= John Kincaid (political scientist) =

American political scientist

John Kincaid is an American political scientist and scholar of American federalism, intergovernmental relations, and state and local government. He is the Robert B. & Helen S. Meyner Professor of Government and Public Service and Director of the Meyner Center for the Study of State and Local Government at Lafayette College in Easton, Pennsylvania. He also is President of CSF Associates: Publius, the sponsor of the Center for the Study of Federalism. He previously taught at North Texas State University, Arizona State University, St. Peter’s College/University, and Seton Hall University. He served as executive director of the U.S. Advisory Commission on Intergovernmental Relations and as vice president of the Pentagon Papers Fund for the Defense of Human and Civil Liberties.

== Education and career ==

Born (1946) and raised in Philadelphia, Pennsylvania, Kincaid graduated from Central High School (221 class) in 1964, received a BA from Temple University in 1967, an MA from the University of Wisconsin–Milwaukee, in 1968, and a Ph.D. from Temple University in 1981 where he studied under political scientists Daniel J. Elazar and Peter Bachrach.

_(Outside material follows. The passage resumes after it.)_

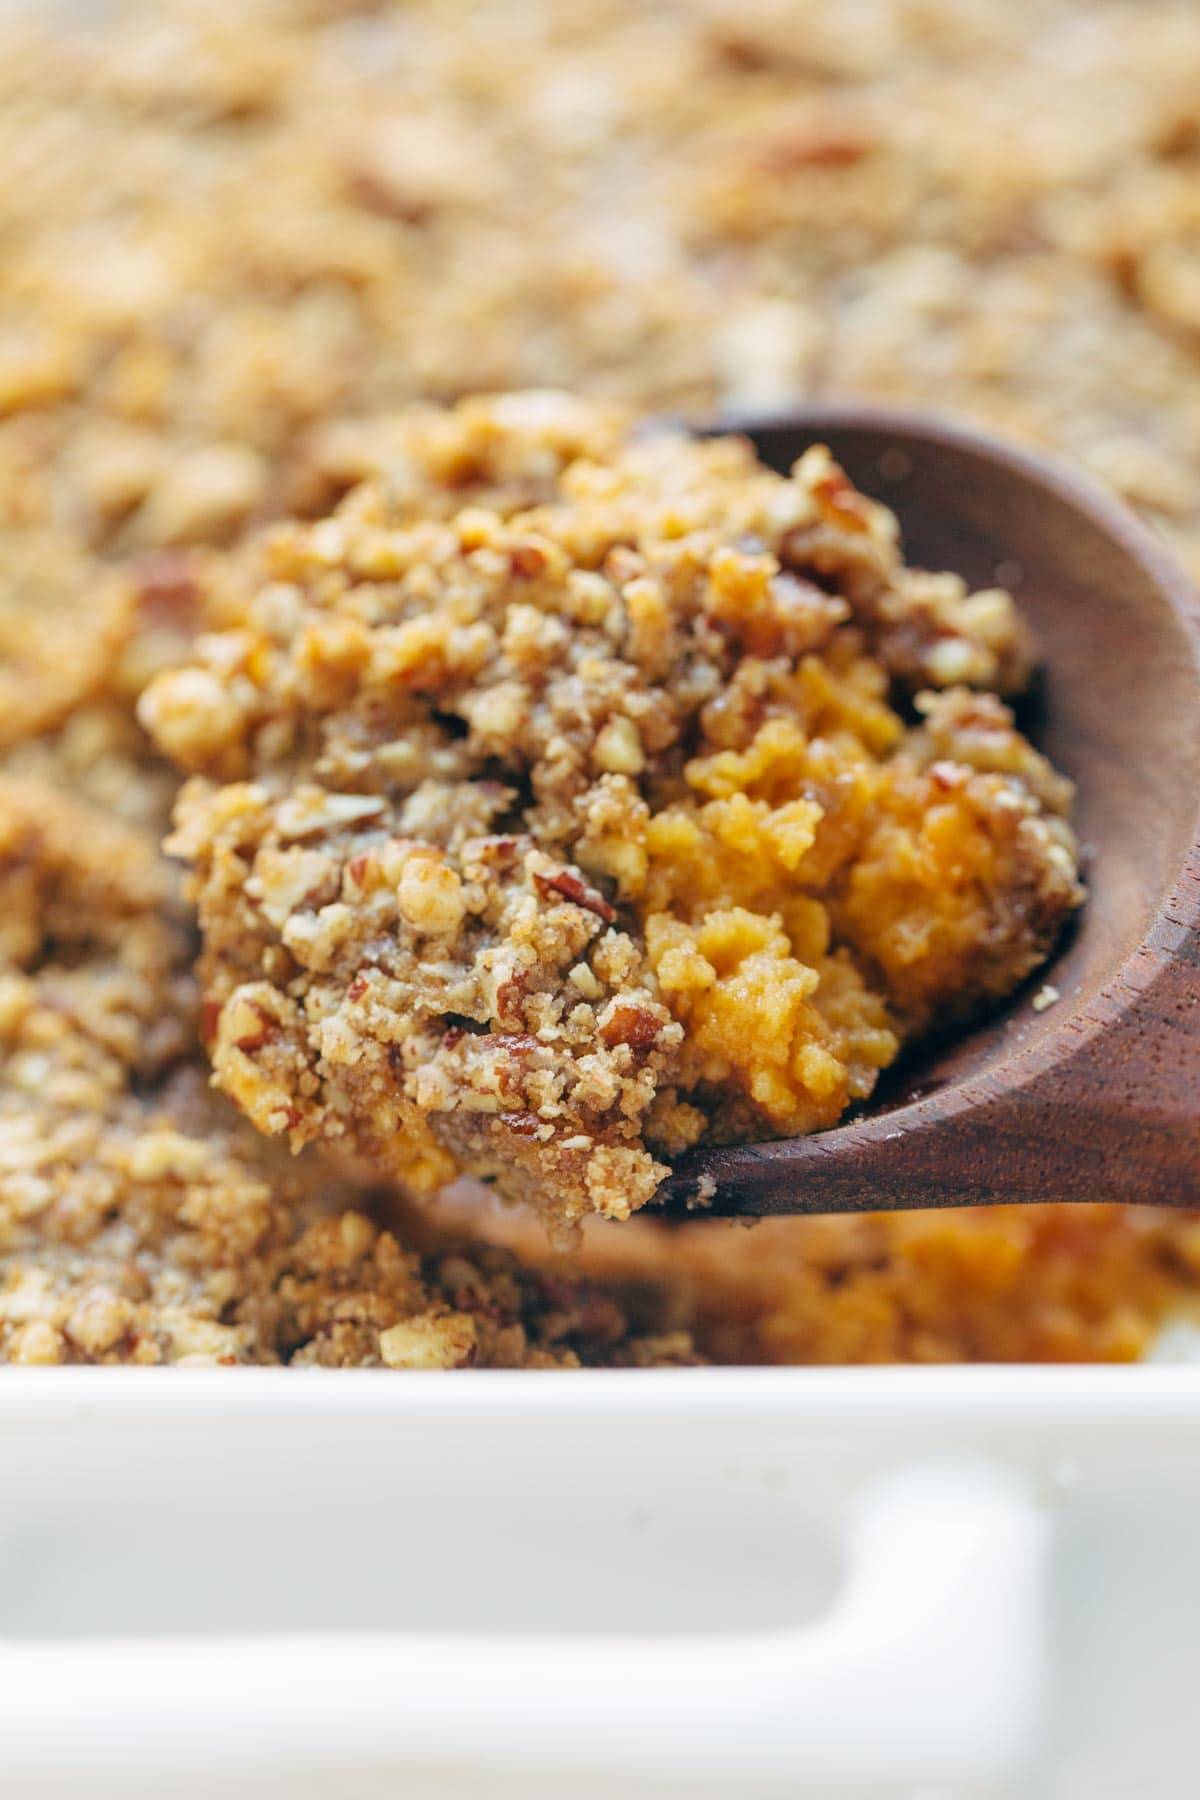 Sweet Potato Casserole with a crunchy brown sugar topping in a wooden spoon

He attended Union Theological Seminary, New York City (1968–69) and also taught part-time at Seton Hall University, South Orange, New Jersey, before becoming instructor and inner-city liaison at St. Peter’s College/University, Jersey City, New Jersey (1969–70). He was director of the Phoenix Peace Center and coordinator for Professional and Business Men and Women for Peace, Phoenix, Arizona (1970–72), during which time he hosted Jane Fonda and Tom Hayden at Arizona State University where he was a faculty associate in sociology. He then served as vice-president and co-treasurer of the Pentagon Papers Fund for the Defense of Human and Civil Liberties, Los Angeles, California (1972–73), in which capacity he also managed the legal-defense office of Daniel Ellsberg and Anthony Russo. He wrote for the Guardian and American Report and edited an issue of WIN Magazine on the Pentagon Papers Trial (November 1, 1972).

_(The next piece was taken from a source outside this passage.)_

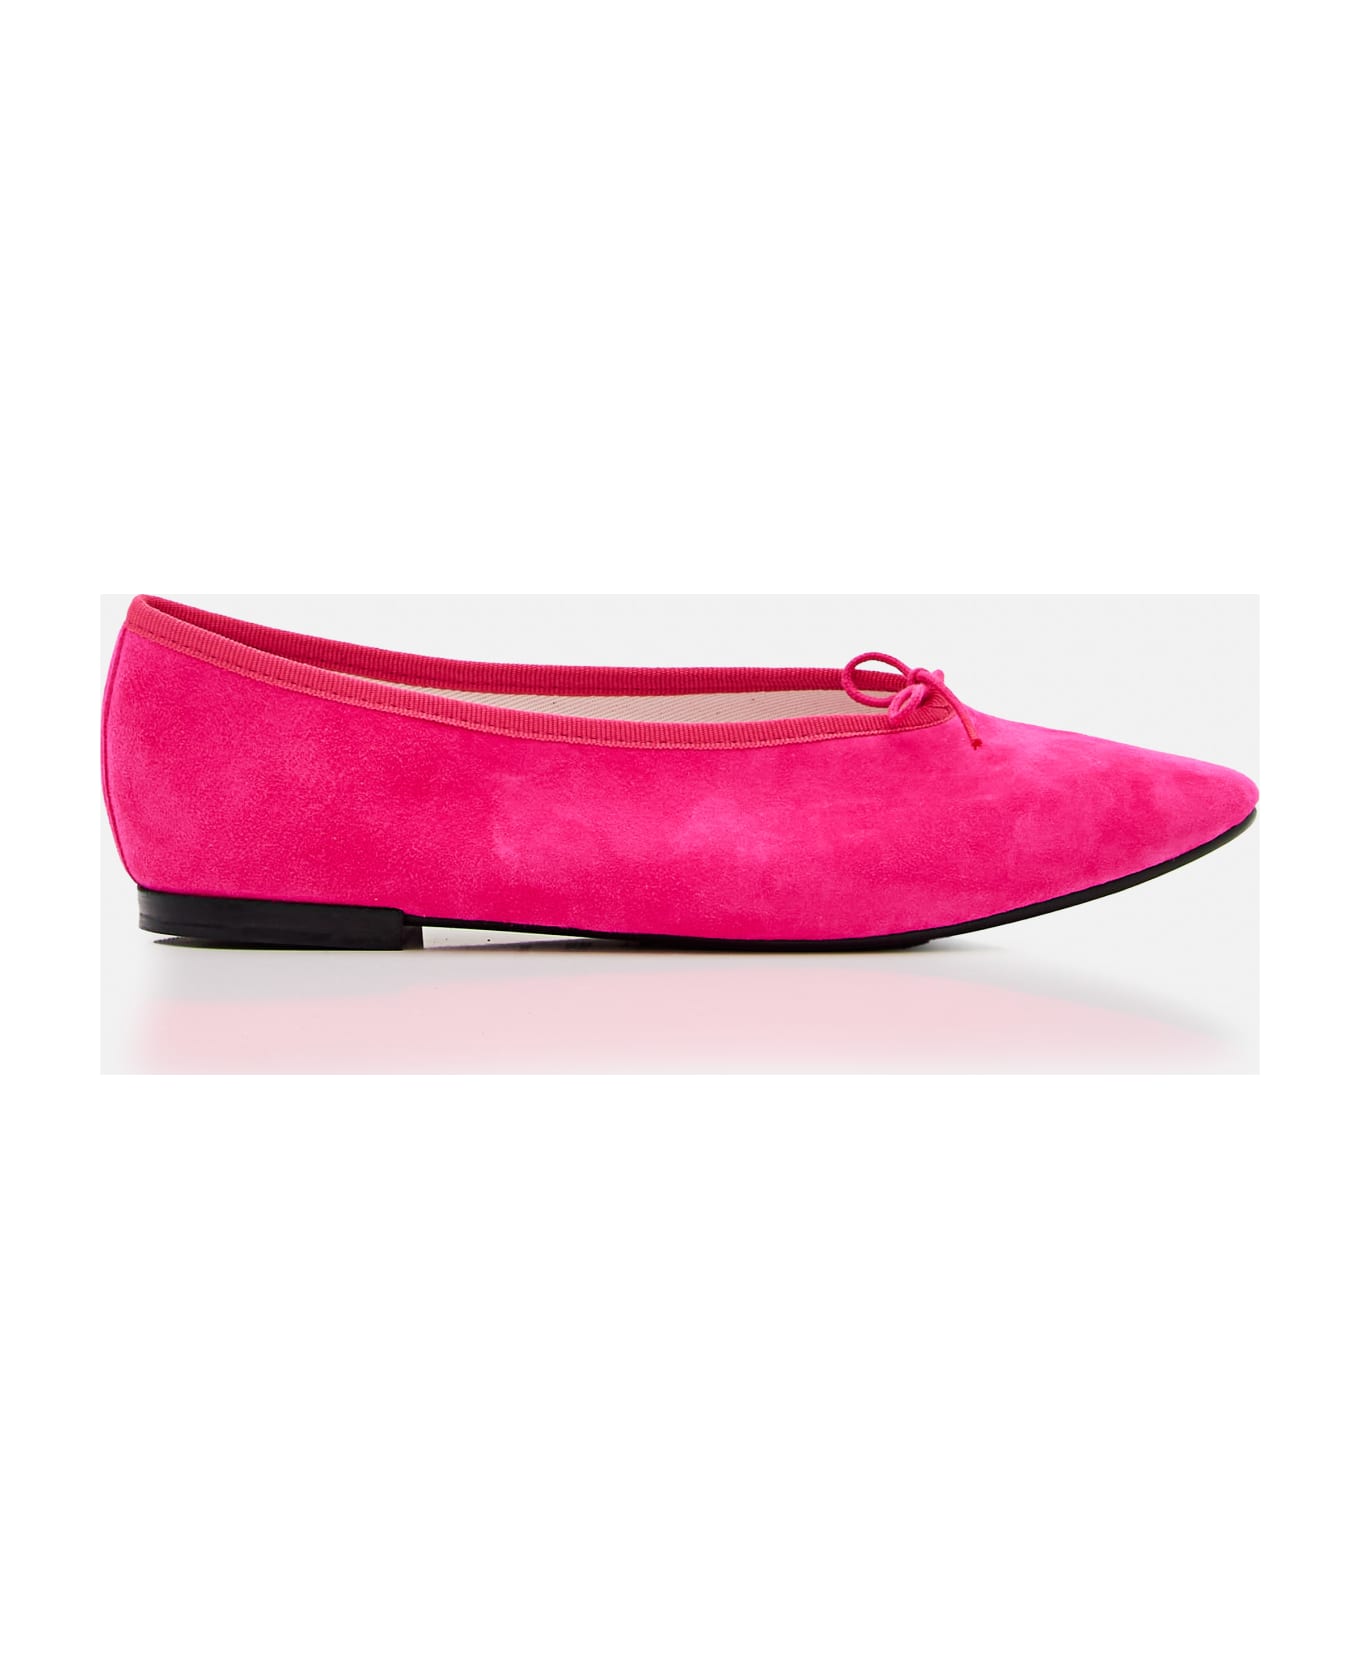 Repetto Lilouh Leather Ballerinas - Pink フラットシューズ

Kincaid was assistant and associate professor of political science at North Texas State University (now University of North Texas) (1979–86). He left the university to serve as research director (1986–87) and then executive director (1987–94) of the U.S. Advisory Commission on Intergovernmental Relations, Washington, D.C. In 1994, he took the positions of Robert B. & Helen S. Meyner Professor of Government and Public Service and Director of the Meyner Center for the Study of State and Local Government at Lafayette College in Easton, Pennsylvania.

Kincaid served as associate editor and editor of Publius: The Journal of Federalism (1981-2006) and as guest editor of topical issues of the Annals of the American Academy of Political and Social Science (1988 and 1990), International Political Science Review (1983), L’Europe en formation (2010), and State and Local Government Review (2017).

He also has served as co-editor of the Routledge Book Series on Federalism and Decentralization (2014–present); editor of a book series, “Politics and Governments of the American States,” University of Nebraska Press (1989-2006); and senior editor for A Global Dialogue on Federalism, a joint program of the Forum of Federations and International Association of Centers for Federal Studies (2001–13).

Kincaid is married to Lucille DeMasi Kincaid, a pianist, retired high-school music teacher, a host of WDIY Classics (Lehigh Valley Public Radio), WDIY Music Librarian, and music director of many shows in the Lehigh Valley metropolitan area.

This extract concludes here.